The task -> What the task requires is an exact printout of the listing below, pictures excluded.

Start of Input data

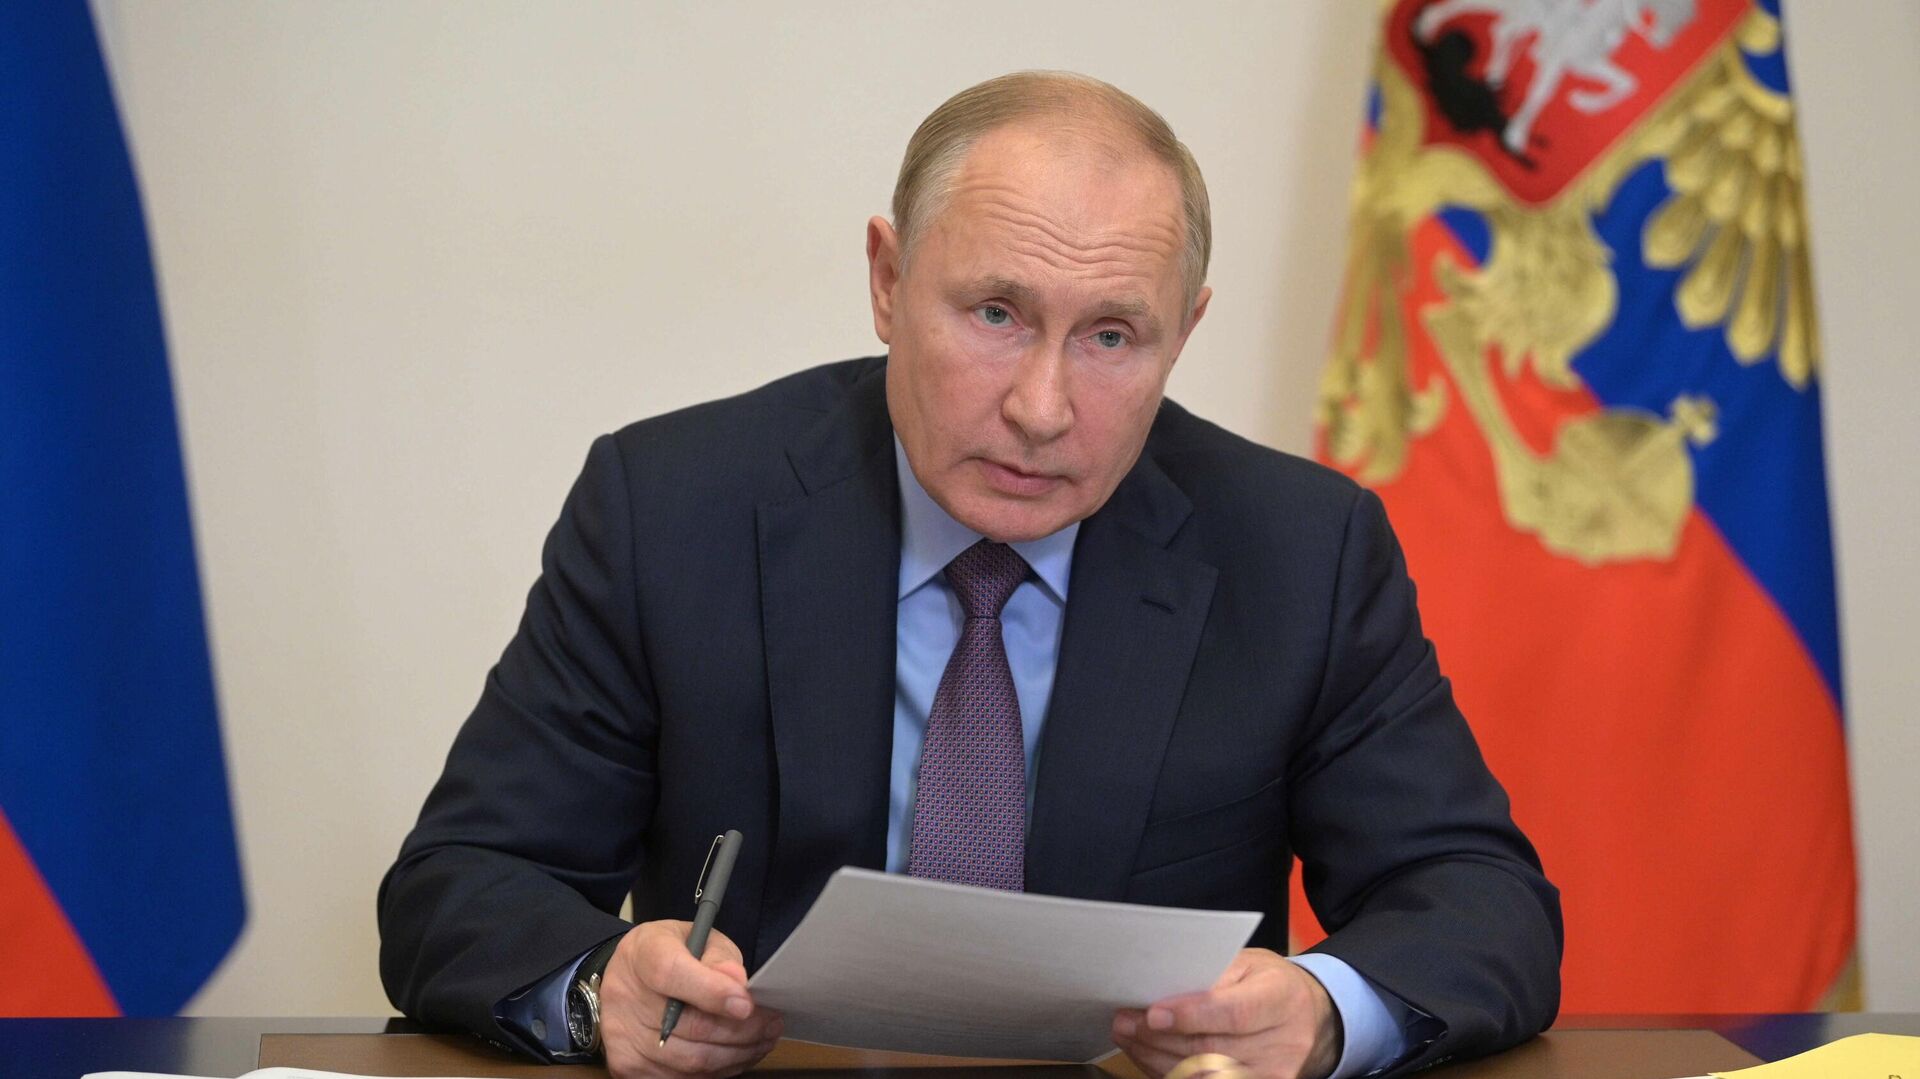 Взвешенная политика позволила поддержать людей и экономику, заявил Путин
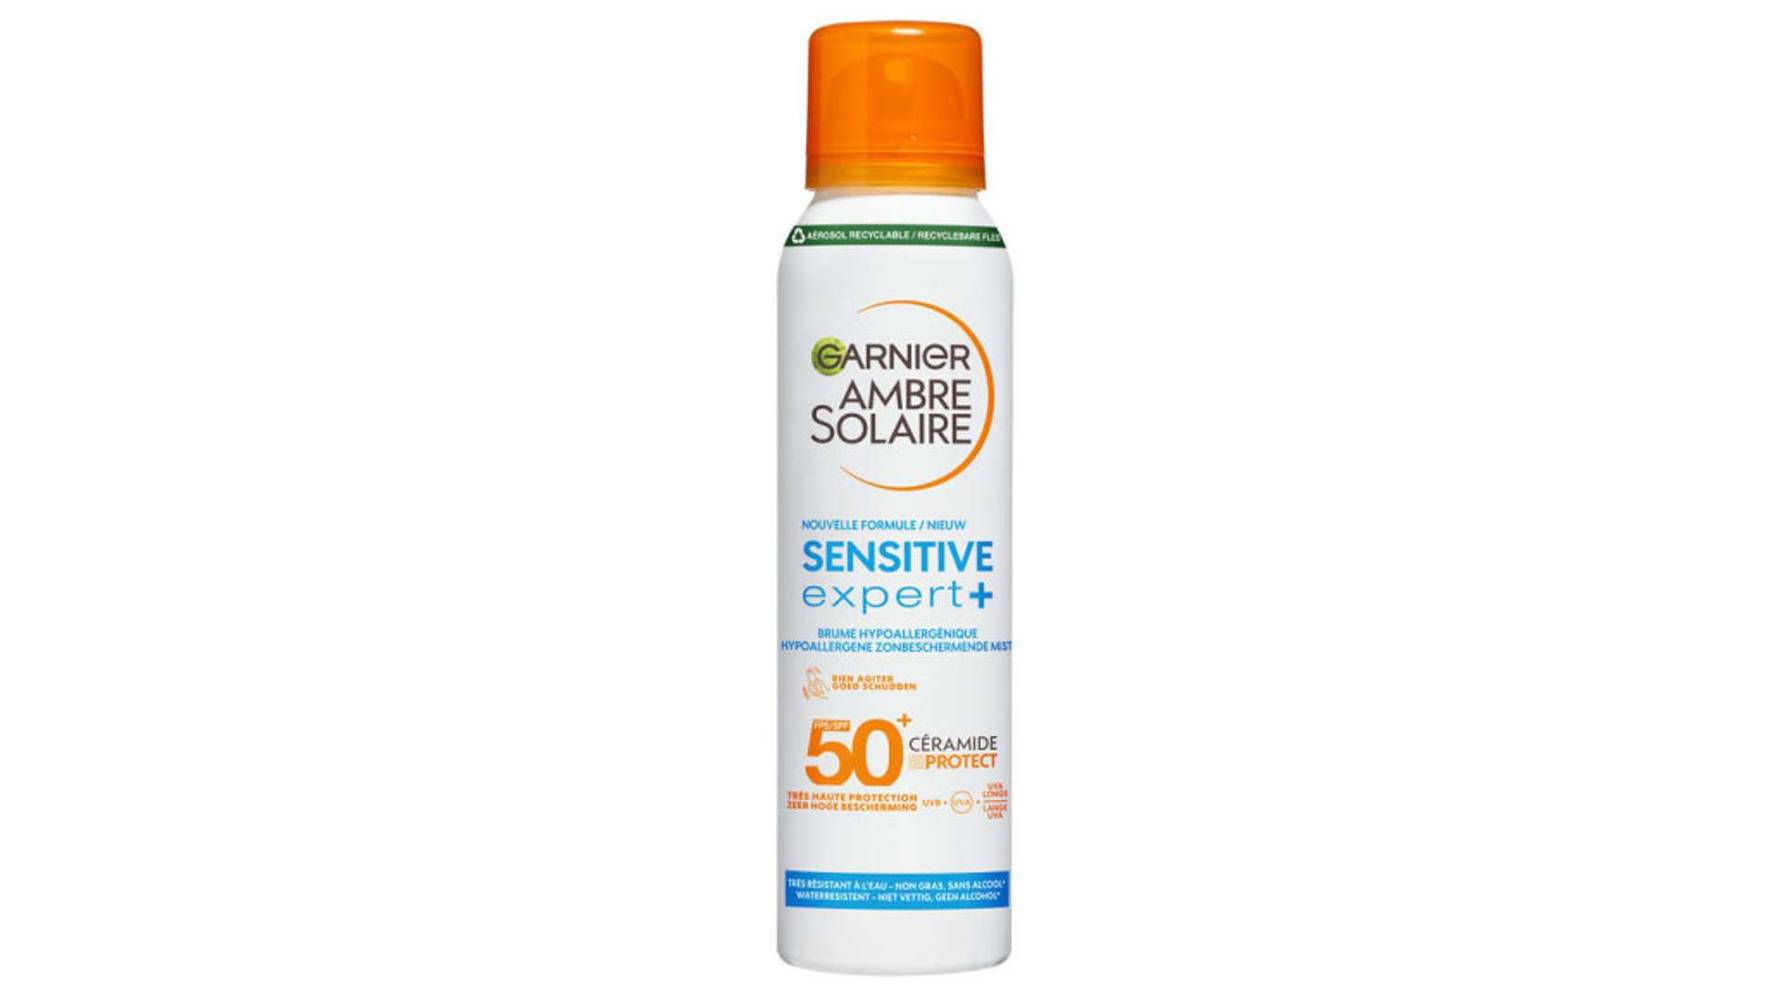 Garnier - Protection solaire brume hypoallergénique spf50+ sensitive expert + ambre solaire
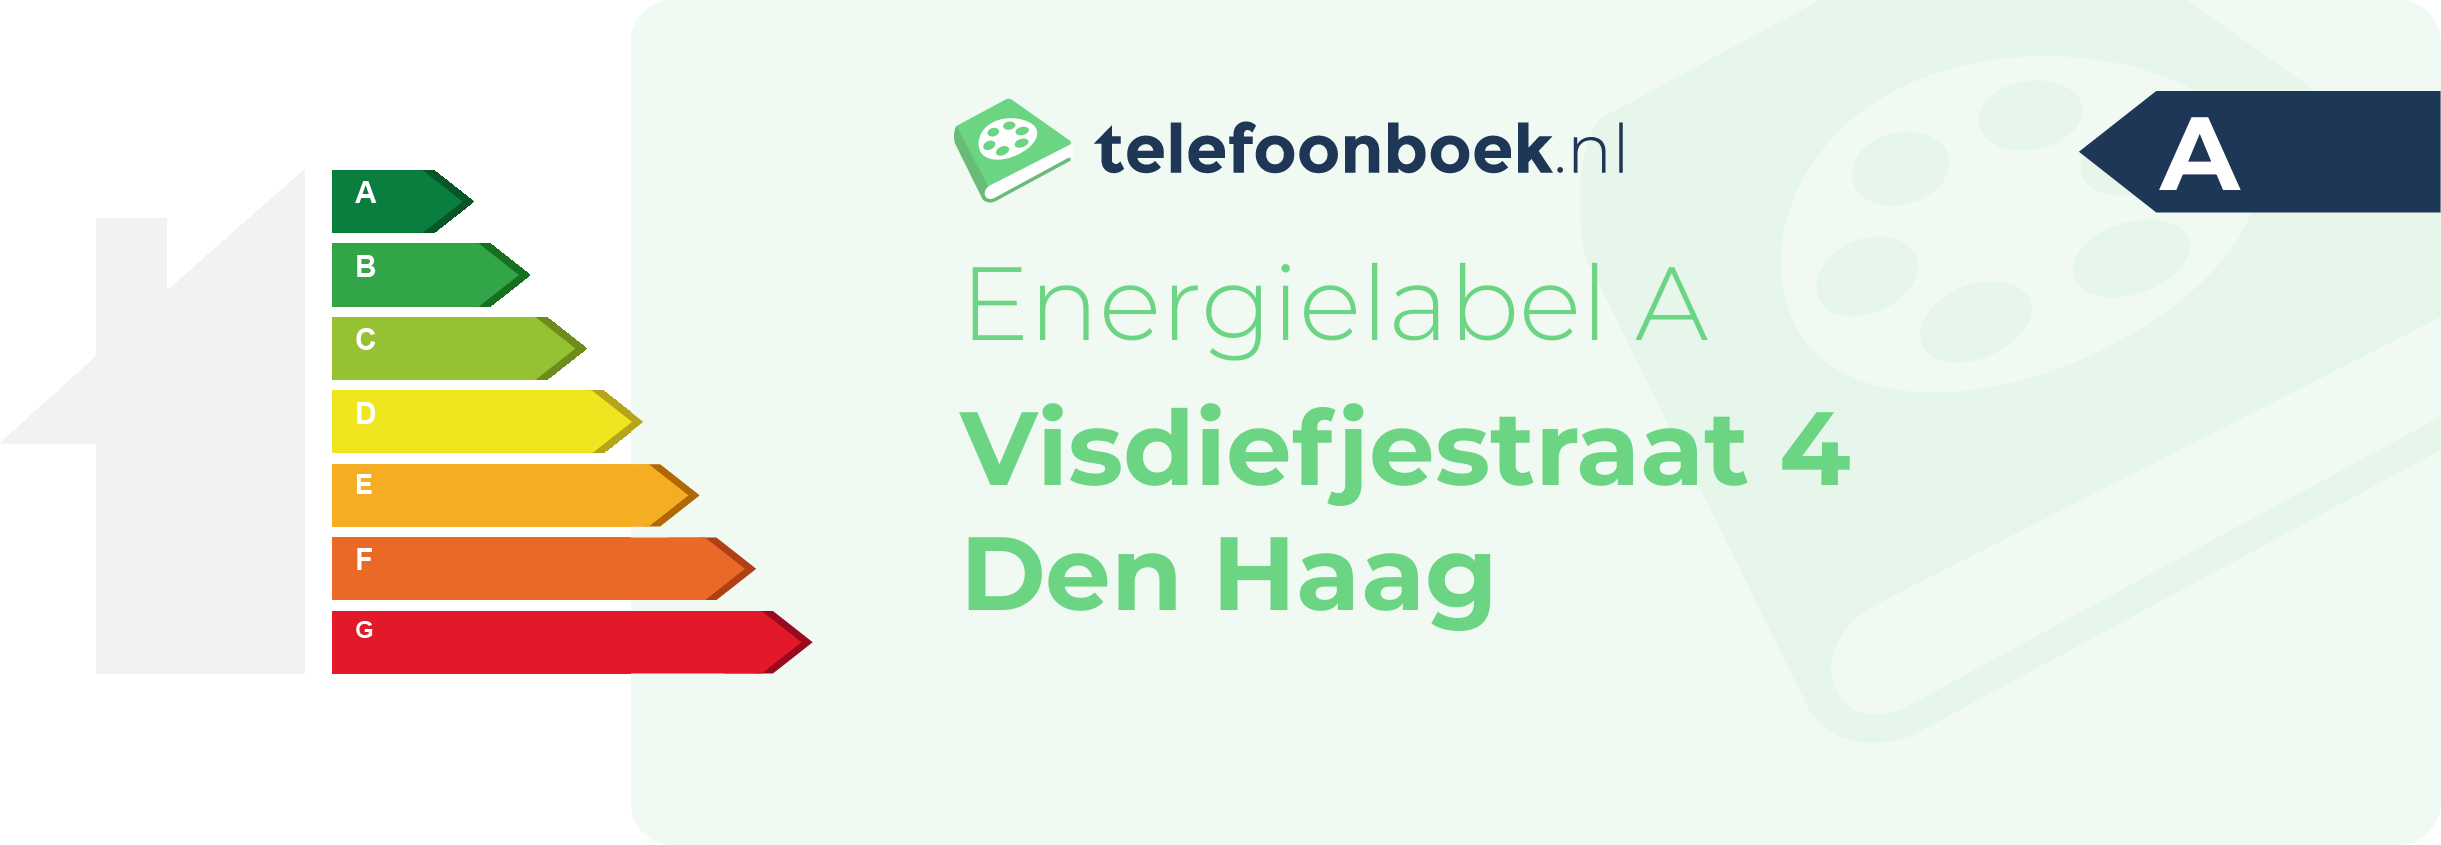 Energielabel Visdiefjestraat 4 Den Haag

End of Input data

Response to this exercise ->
 Взвешенная политика позволила поддержать людей и экономику, заявил Путин
 Garnier - Protection solaire brume hypoallergénique spf50+ sensitive expert + ambre solaire
 Energielabel Visdiefjestraat 4 Den Haag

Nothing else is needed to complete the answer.